И мы поплелись далее по улице Рождественской, шлёпая своими лаптями по булыжной мостовой. Слева и справа были сплошные лавки, продававшие всё, что можно было найти в мире в этом времени, от китайского шёлка и фарфора до голландских часов и испанского кофе. Приказчики из этих лавок вообще-то предназначались в основном для того, чтобы затаскивать туда проходящих мимо покупателей, но в нас с Лёхой они естественно покупателей не видели, а видели обычных малолетних попрошаек, поэтому нас они никуда не затаскивали, а наоборот, грубо отталкивали подольше, если мы вдруг оказывались в пределах их досягаемости. Пару раз от их грубых толчков даже пришлось проехаться носом по мостовой…

— А вот и Скоба! — обрадовано сказал брат, — почти пришли, два шага осталось.

И мы пересекли мостовую Зеленского съезда, подойдя вплотную к трёжэтажному зданию из красного кирпича, на коем красовалась надпись «Ночлежный Домъ Николая Бугрова», а с боков ещё две — «Песенъ не петь» и «Вести себя тихо». Охренеть можно.

— А за домом вон смотри, такой же вагончик, как перед мостом, он в Кремль людей подымает, — дёрнул меня за рукав Лёха, — я тебе про него говорил. Ну пойдём что ли на ночь устраиваться, нам вон туда, в чёрный ход.

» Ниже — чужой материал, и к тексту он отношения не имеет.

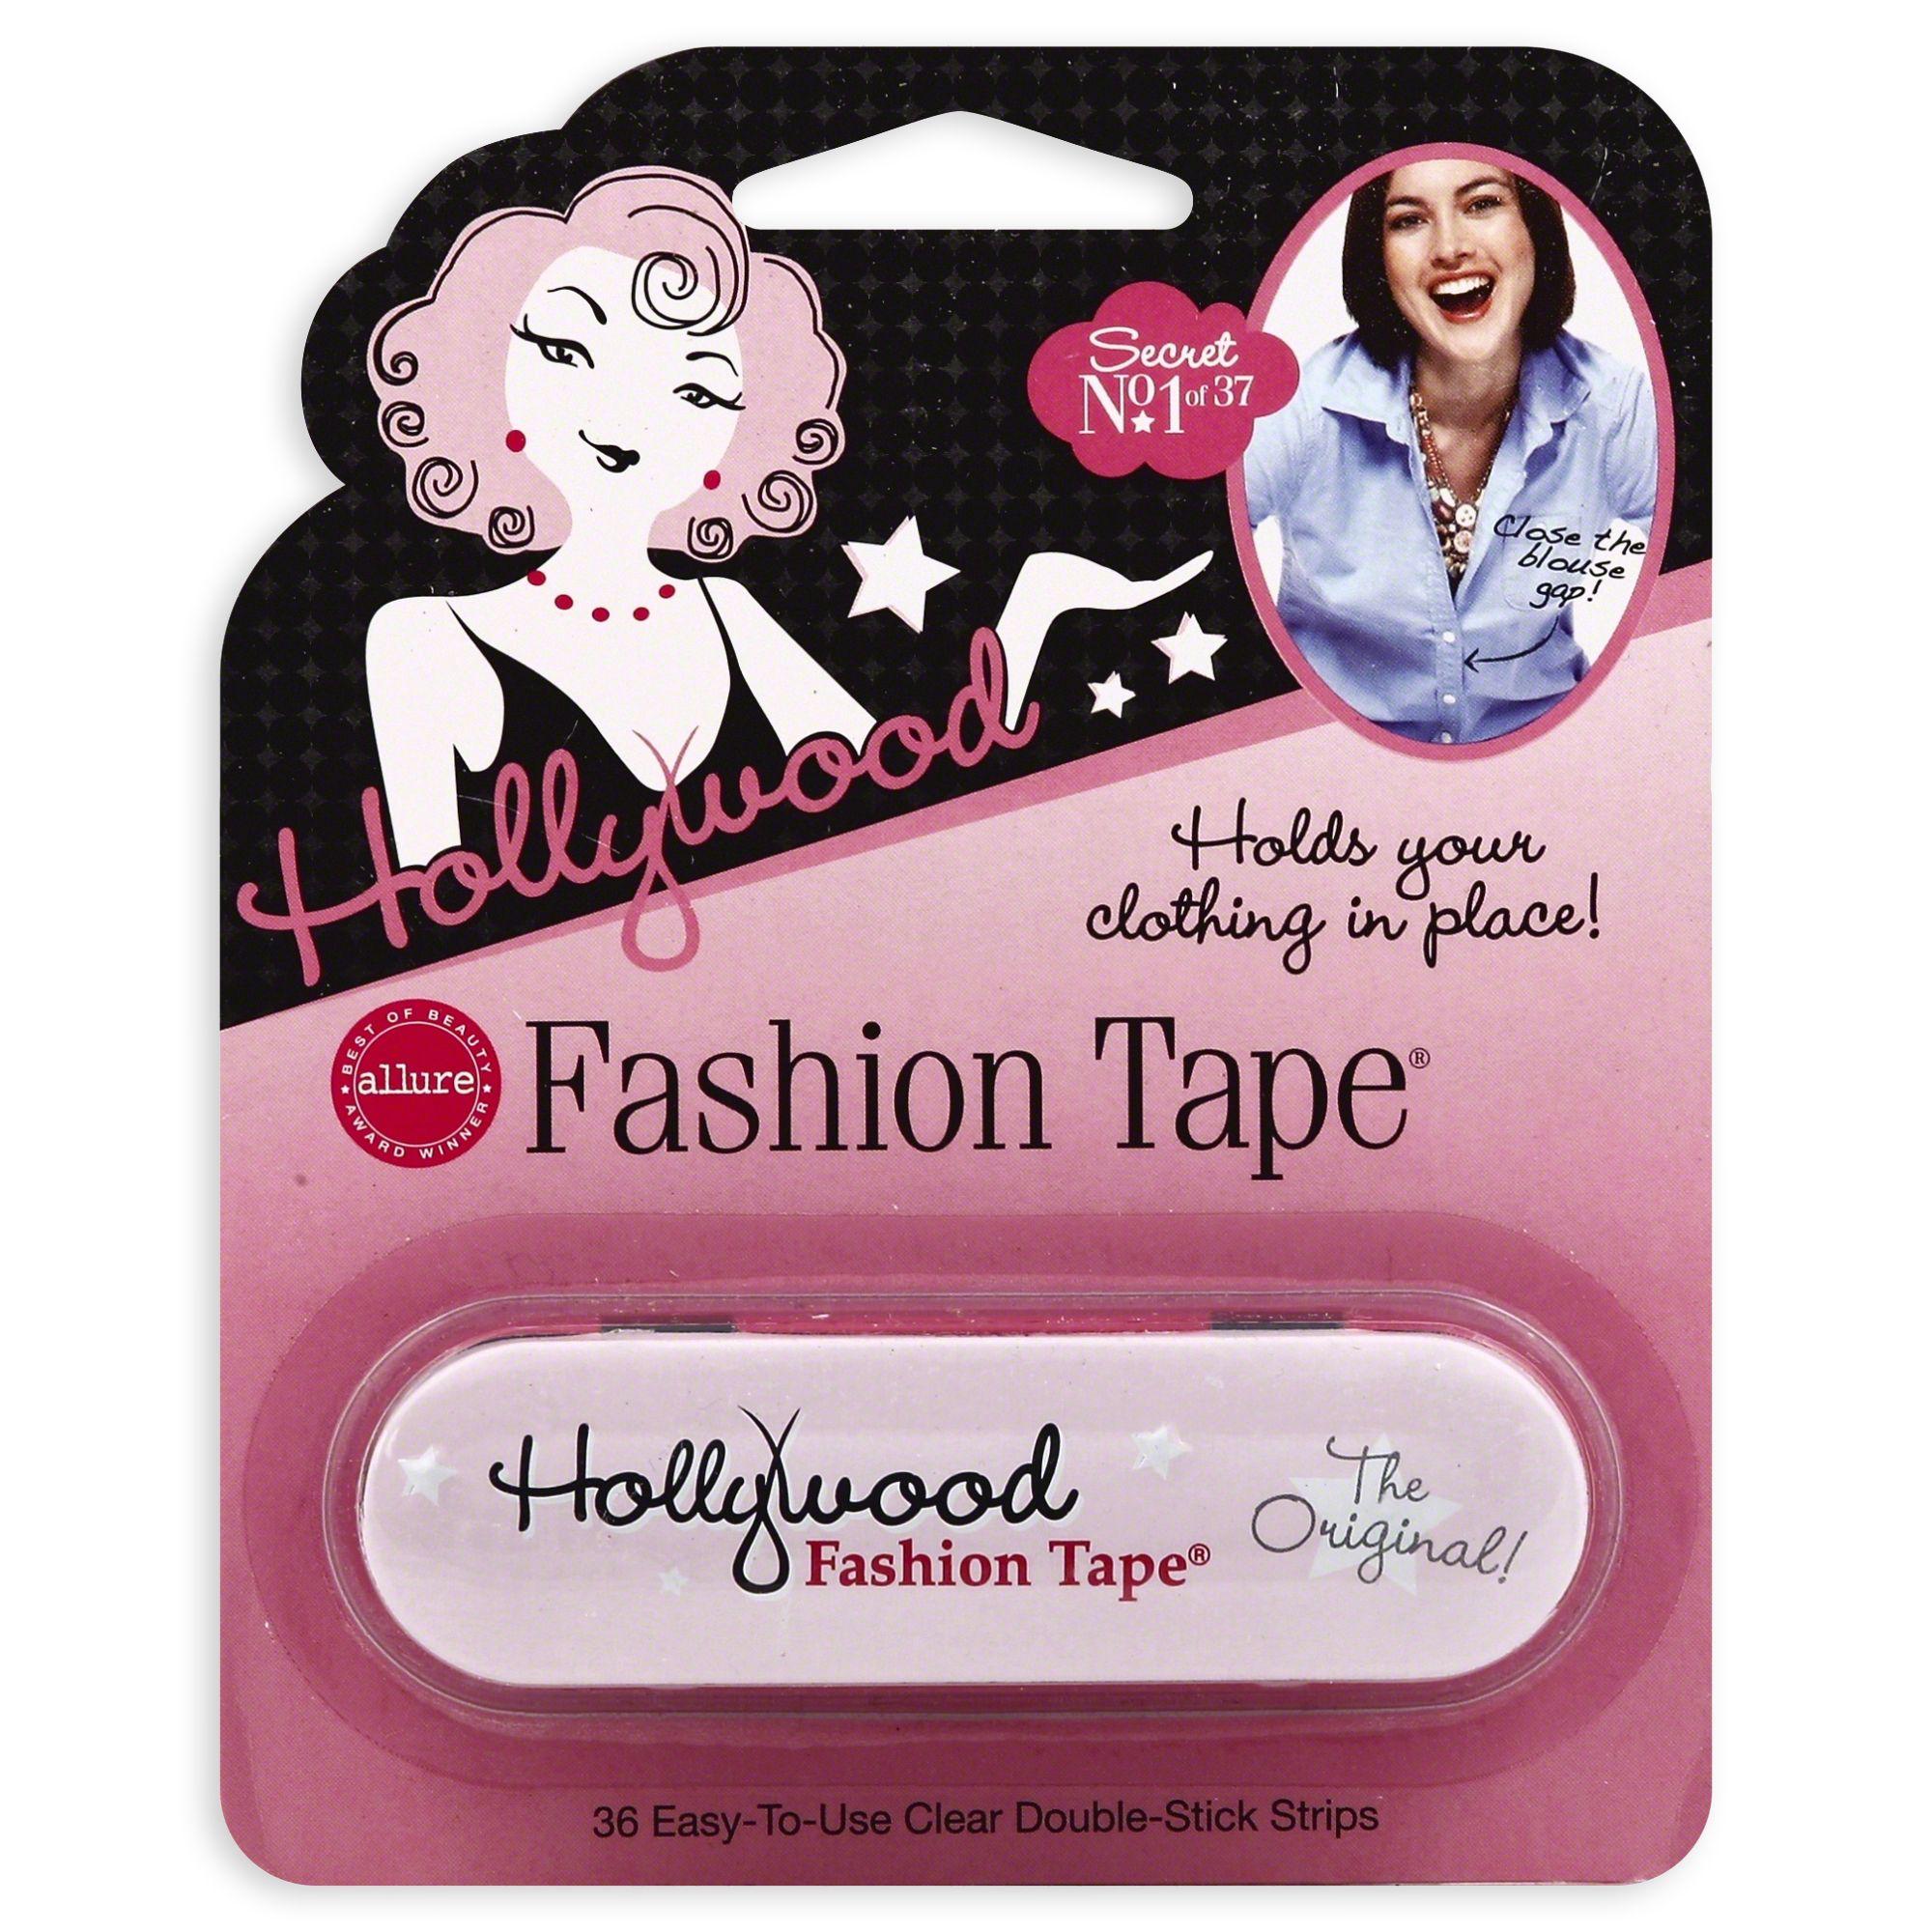 Fashion tape - Bra accessories - Bras - Hunkemller 64

И он повёл меня кругом здания, в заросли больших лопухов и репейников. По дороге я поинтересовался у него:

— А Николай Бугров это кто?

— Да ты чо, — обиделся он, — это ж наш благодетель, купец богатеющий, аж жуть. У него мельница на реке…

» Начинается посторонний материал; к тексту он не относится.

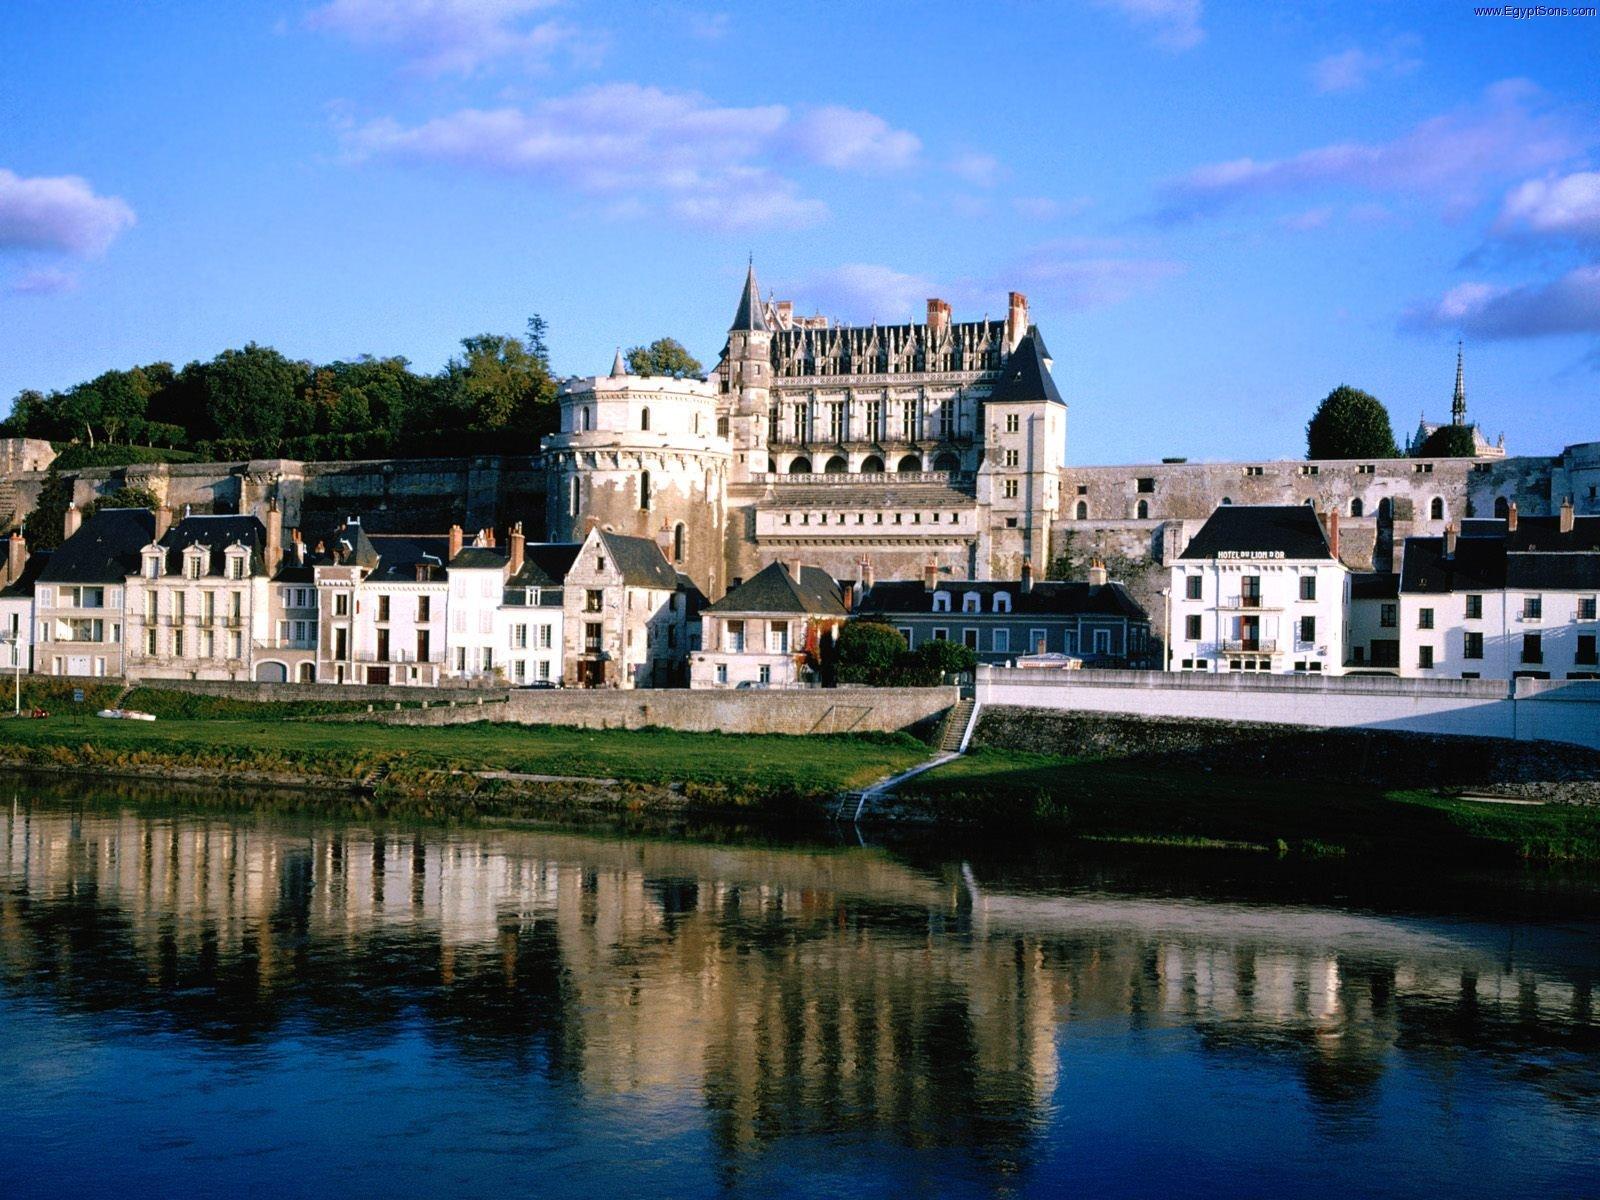 castello-amboise-cosa-vedere-in-francia

— Постой-постой, — остановил я его, — ты же только что говорил, что мельница у Башкирова.

— Это на правом берегу у Башкирова, а на левом, аккурат напротив — у Бугрова, она ещё больше и там ещё лучше платят. А вдобавок он вот о бедняках и бездомных заботится, вишь, какой дом для нас отгрохал.

— Раз он такой заботливый, мог бы и забесплатно людей пускать, — попытался возразить я.

— Э, не скажи, — рассудительно ответил Лёха, — бесплатное люди не ценят, разнесли бы тут всё по брёвнышку или пуще того сожгли бы, одни головешки чтоб остались. А если копеечка уплочена, всё какая-то ответственность появляется.

— Слушай, Лёха, — неожиданно вспомнил я, — а ведь для таких, как мы, щас наверно специальныезаведения есть, у монахов например.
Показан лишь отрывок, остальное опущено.